Since I was appointed to my first job in 1967 until today, my social circle has, for obvious reasons, included a lot of other academics. Amongst these, as well as amongst the dozens and dozens of university people I have come across professionally, I have been friends with, run into, or been part of the same events as, not a few Marxists and other kinds of socialist, other anti-capitalist radicals. Now that I'm retired I see fewer people from a university milieu than I used to, but I believe it still to be the case that academics of the sorts of persuasion I've just listed can be found in British universities and those of other democratic nations.
One of the Marxists I knew somewhat back in the day was Terry Eagleton. Terry concludes a piece on Rousseau in today's Guardian by saying:
Universities are no longer educational in any sense of the word that Rousseau would have recognised. Instead, they have become unabashed instruments of capital.
It's another version of a claim he's made before.

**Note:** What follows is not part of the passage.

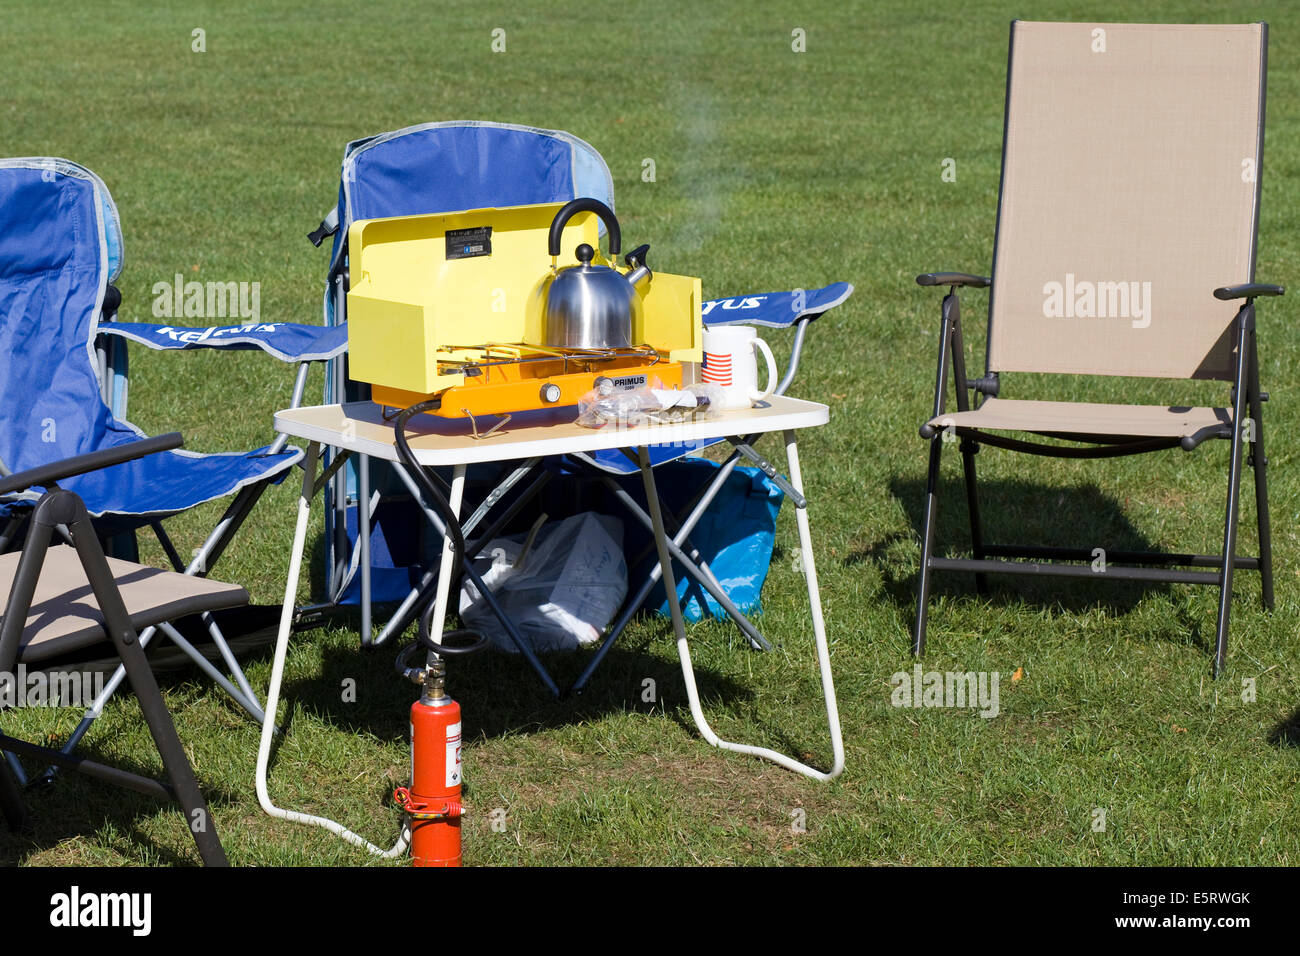 Picnic table and chairs with a portable stove and steaming kettle Stock Photo

In capitalist societies, universities undoubtedly will reflect the needs of the capitalist economy to some very large extent. But 'unabashed instruments'? If this were truly so, why would all these Marxists and such be free to pursue their research and teach in the (more or less) free universities of the Western world? I suppose one might try, in response, some variant of Marcusian 'repressive tolerance'. But it was a duff thesis back then, and it's the same thing now. Intellectual tolerance is a great boon and its absence a blight and an oppression. If universities in democratic countries were really unabashed instruments of capital, they would be worse institutions than they are. As the saying nearly is, be careful what you portray.